REPUBLIKA.CO.ID, JAKARTA -- Peneliti Hukum Indoensia Legal Roundtale, Erwin Natosmal Oemar mengatakan penundaan penyelesaian kasus merugikan Bambang Widjojanto (BW) dan Abraham Samad (AS). Dikhawatirkan kasus ini menjadi ajang balas dendam Polri kepada Komisi Pemberantasan Korupsi (KPK).
"Mereka berdua kehilangan kesempatan untuk kembali mengurus KPK karena status hukumnya," kata Erwin pada Republika Online (ROL), Senin (16/3). Dengan tetap menyandang status tersangka, lanjutnya, BW dan AS tidak bisa memimpin KPK, karena adanya aturan pimpinan KPK yang menyandang status tersangka harus mengundurkan diri.

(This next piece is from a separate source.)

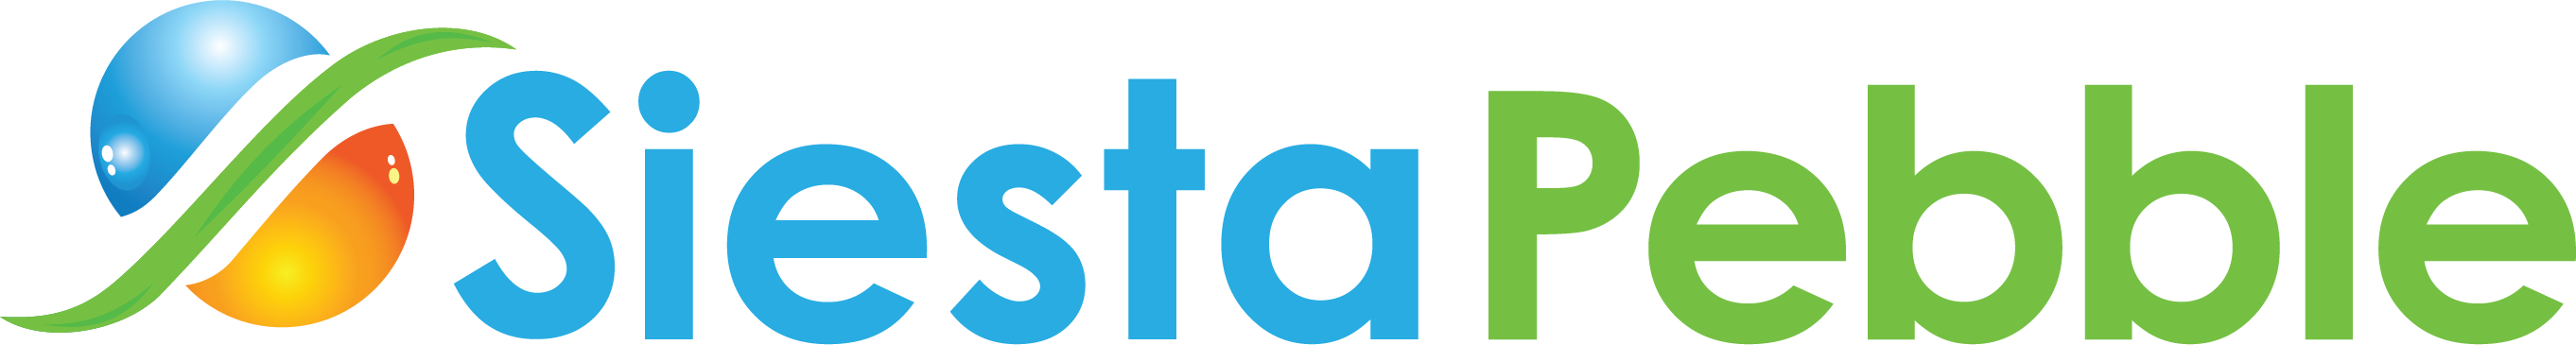 siesta pebble company logo

Erwin mengingatkan agar kasus BW dan AS tidak menjadi ajang balas dendam Polri kepada KPK. "Jangan sampai kasus ini hanya akal-akalan polisi saja untuk balas dendam pada Komisi Pemberantasan Korupsi (KPK). Karena seharusnya mereka(Bareskrim) sudah memiliki berkas dan bukti kuat sebelum menangkap," kata Erwin. Akal-akalan ini, kata dia, terlihat dari penggunaan pasal yang dipakai untuk menjerat BW dan AS berubah-ubah.
Sebelumnya, Kabareskrim Budi Waseso mengatakan penundaan kasus BW tersebut dilakukan karena alasan situasi yang belum kondusif.